■ Stored data ■
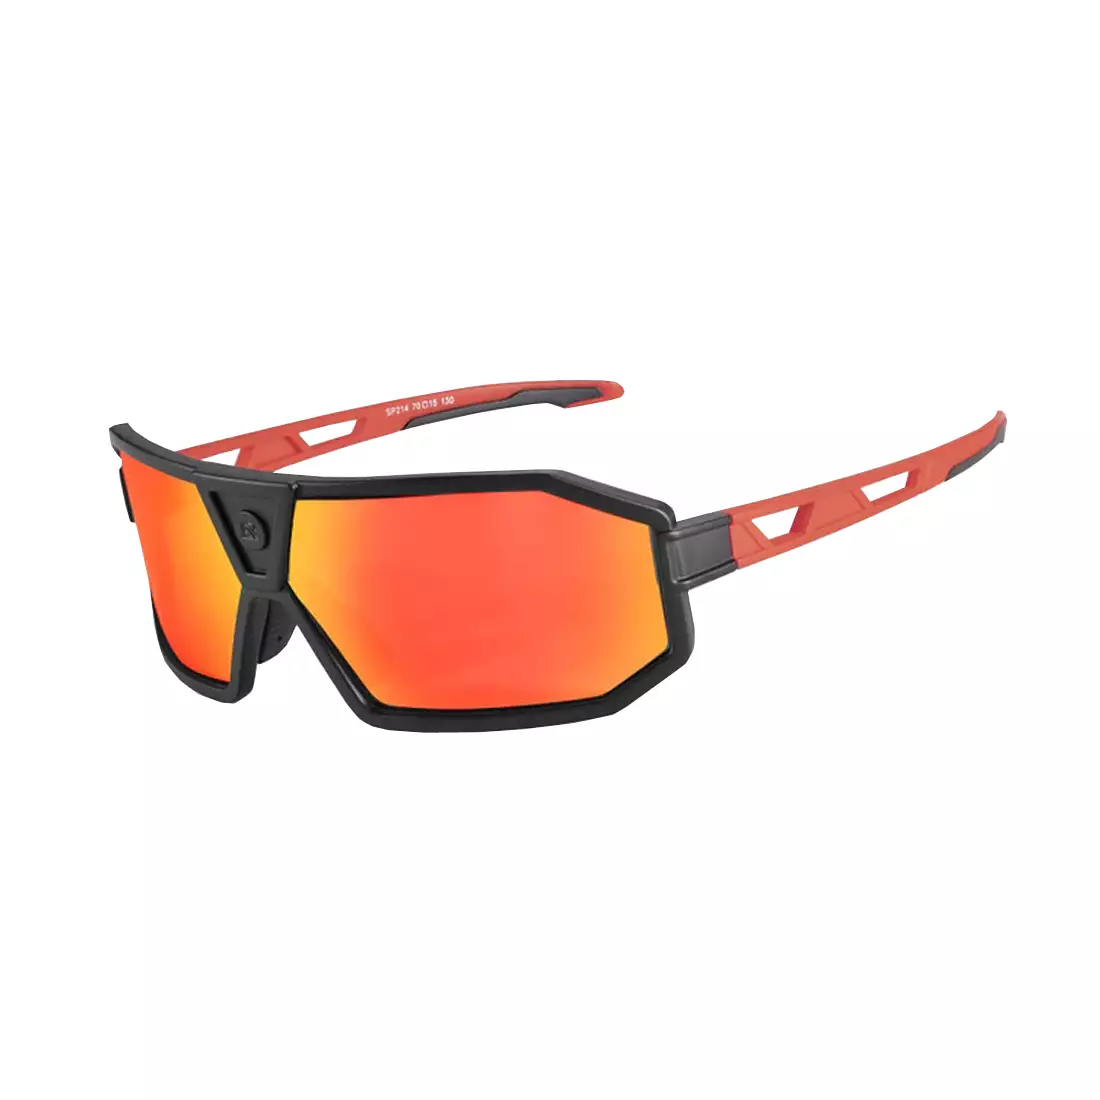 Rockbros SP214BK Fahrrad / Sportbrille mit polarisiertem schwarz-rot
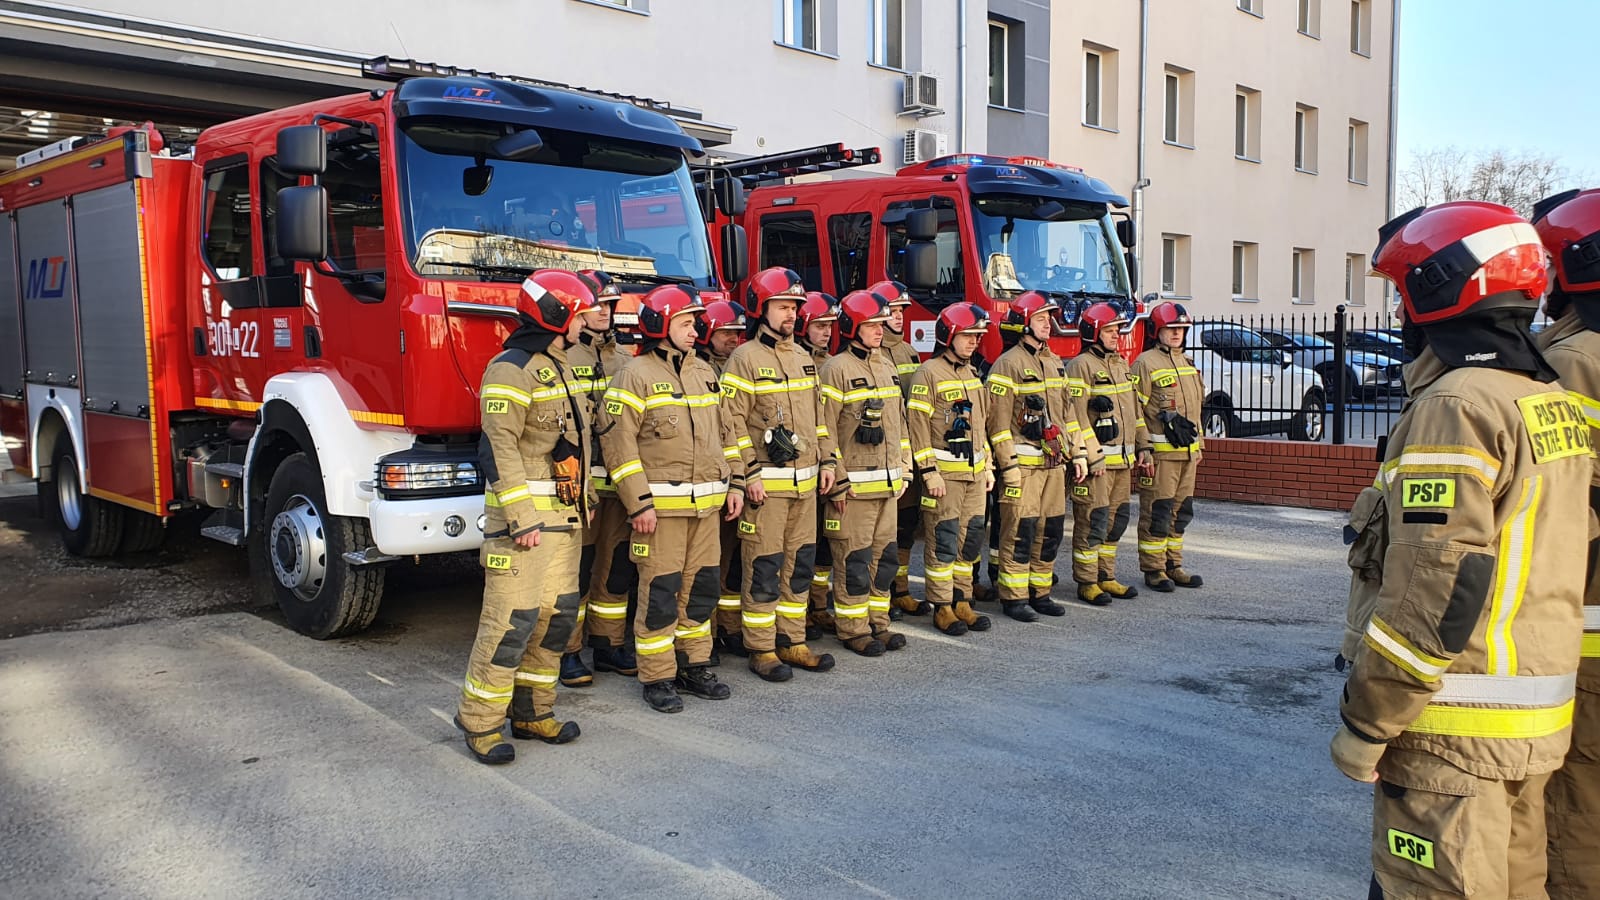 Minuta ciszy dla poległych strażaków z Ukrainy (zdjęcia)
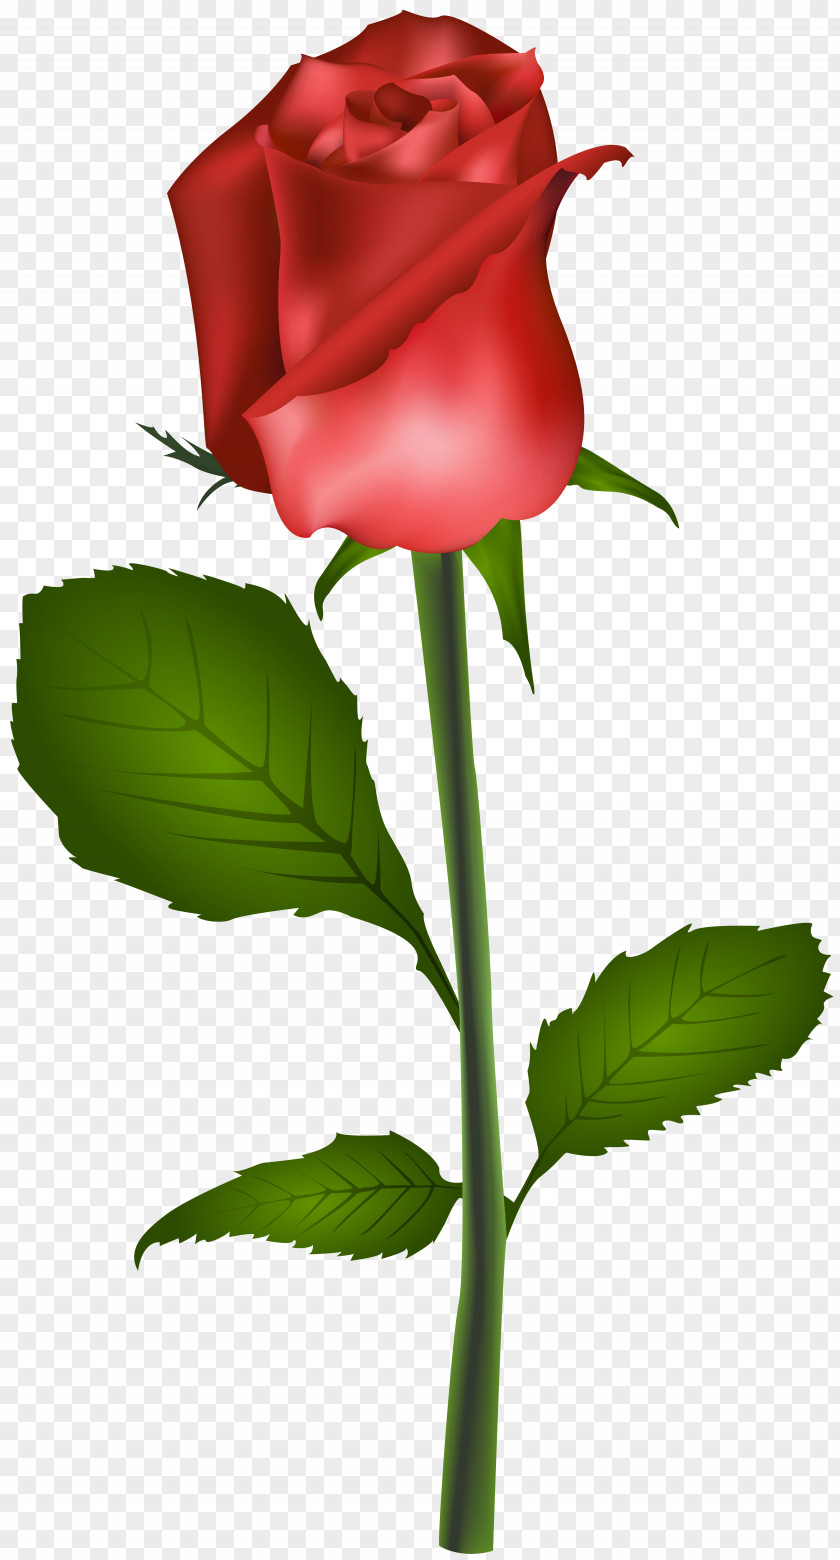 Red Rose Transparent Clip Art Image Flower PNG
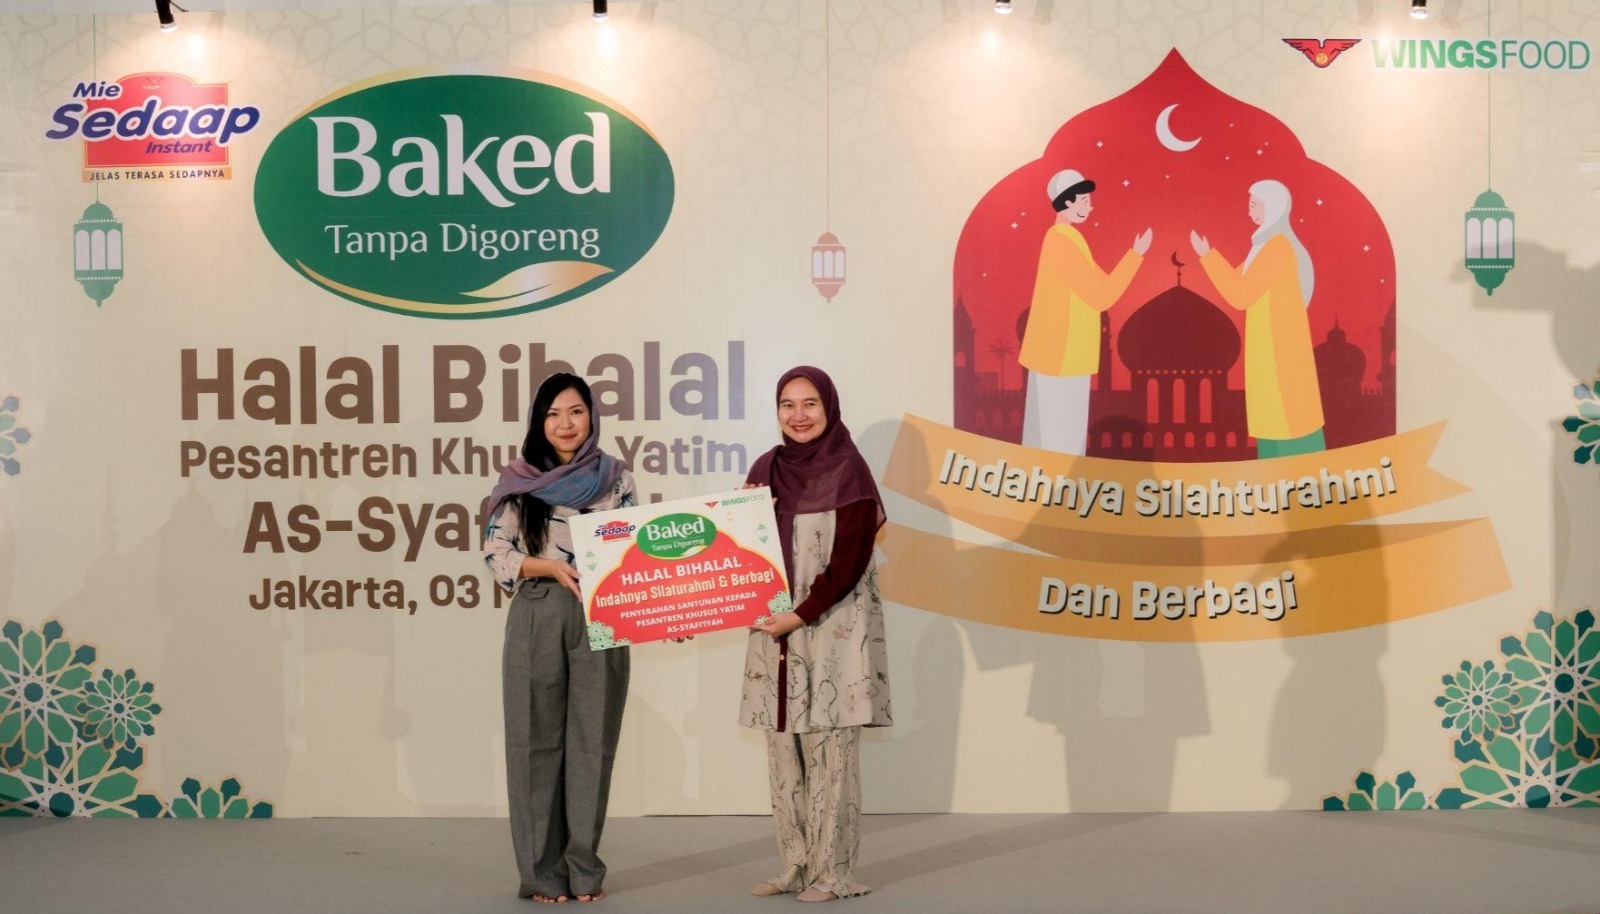 Wings Food Gelar Halal Bihalal bersama Anak Yatim di Pesantren As-Syafi’iyah

■ Description of the task ■
Write out the listing above in full, word for word, with no pictures.

■ Exercise solution ■
 Rockbros SP214BK Fahrrad / Sportbrille mit polarisiertem schwarz-rot
 Minuta ciszy dla poległych strażaków z Ukrainy (zdjęcia)
 Red Rose Transparent Clip Art Image Flower PNG
 Wings Food Gelar Halal Bihalal bersama Anak Yatim di Pesantren As-Syafi’iyah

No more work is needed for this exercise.